I already have M12 tools and batteries. It says it comes with a presta valve adapter. I’m looking at this to keep in the truck when I travel for trail rides. You can set the desired pressure to shut off. I’m thinking I’d over inflate a few psi and use my Topeak D2 to bleed down to desired pressure. 

I have a mini frame mounted pump for the trail. Does anyone run tubeless and carry a tube for emergency flat repairs on long trails to get back to your vehicle?


----------



## Lone Rager (Dec 13, 2013)

I have looked at similar, they're pretty cheap, but my decision was to simply use a floor pump (no battery to go dead). I have several and keep one in the back of my vehicle. IDK if these battery inflators push enough air volume to be of much assistance in seating a tubeless tire, but it'd probably better than a floor pump. At home I use an air compressor with a tank which can deliver a high volume of air. Separate air tanks are pretty cheap and you can fill one up to 120psi and take that along in your vehicle if you think you'll be seating tubeless tires. I always carry a spare tube, something to boot the tire, a lever, and mini mtb pump when riding.

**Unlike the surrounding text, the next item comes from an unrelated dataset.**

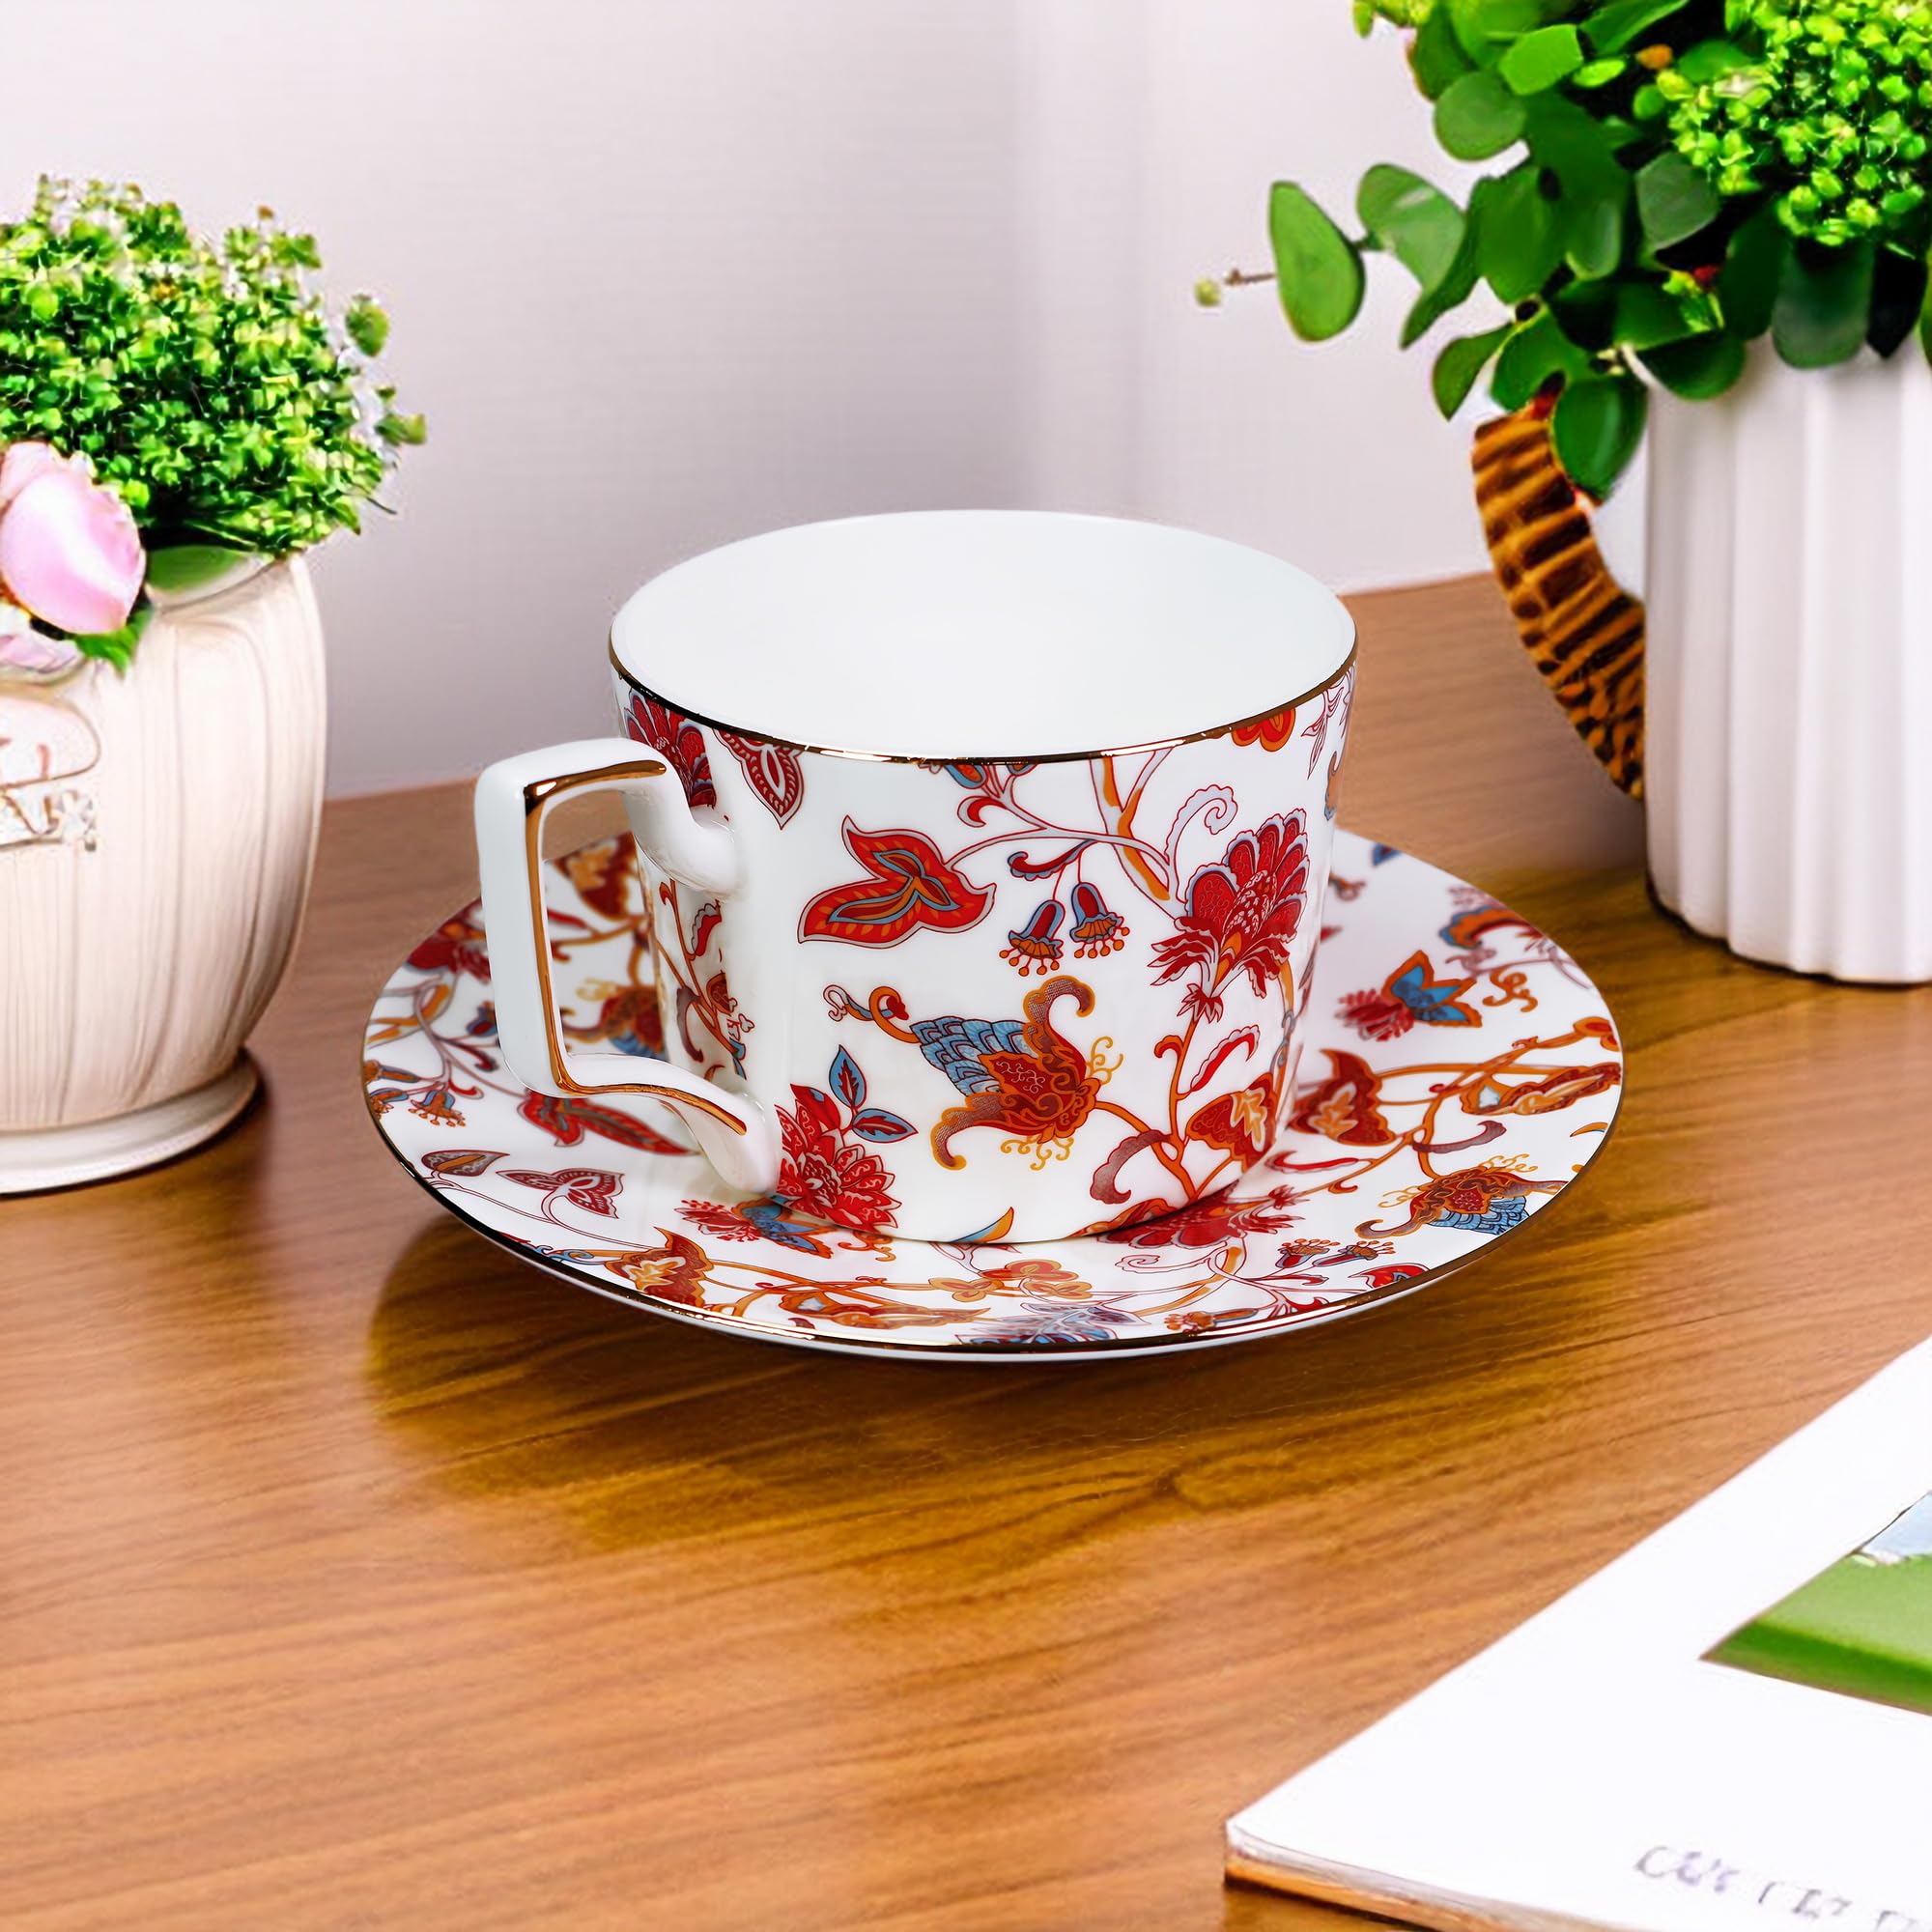 LanHong 8.5 Ounces Tea Cup and Saucer Set Floral Tea Coffee Cup with Saucer Bone China Teacup and Saucer Set Gift for Mom Friend Tea Party (Red)

Many like CO2, but when you're out, you're out. And CO2 can cause latex based sealants to congeal as it neutralizes the ammonia which keeps the latex fluid.


----------



## Millennial29erGuy (Feb 5, 2017)

I have the dewalt version. I keep it in my car for roadtrips and use it to inflate a 5 gal air tank in my home shop for blowing grease out of bearings and chains etc. 

It works great for its intended purpose but it does not have a lossless chuck so you need to overinflate and bleed down as you described. 

I intended to see if there is some kind of lossless chuck adapter type thung that could be attached to the end. Do you kniw of anything like that?


----------



## Millennial29erGuy (Feb 5, 2017)

I dont think one of these units would seat a tubeless tire because they have no reservoir tank. I use my 5 gal portable air tank for that with great success.


----------



## koyota93 (Aug 19, 2013)

I used the Milwaukee M12 inflator to seat a Maxxis DHF tire the other day. It went on easy but I think I got lucky. The unit doesn’t have a tank to send continuous high pressure into the tire. It just happened to work out perfect for me.


----------



## Wired29 (Jul 23, 2009)

I use the M12 as I already have a bunch of other M12 tools. It works pretty good but the included presta adapter is crap.

I only carry a tube when I'm on an extra long ride. I have a plug kit but haven't had to use it yet this year (quickly looks for wood to knock on!).


----------



## John232629 (Oct 11, 2005)

I have one and love it. It's what I use for my bikes the most. The gauge is rather accurate to the 1psi. I have managed to 7/8 of my tubeless tires seated with it alone. I ended up getting a presto chuck I just leave on it. I have a presta chuck always threaded on! Prestacycle Big Presta Head - Prestacycle LLC


----------



## ORhvac (Nov 22, 2018)

I have one i keep in my truck and one in my work van. I have used it too seat tires, but it really depends on your tire and rim combination. Some combos are just easier to do. If a combo is giving me a hard time I usually seat the bead with a tube and just break one side. Then reseat with the pump. Other than that, it’s a great pump that I use all the time for my bikes


----------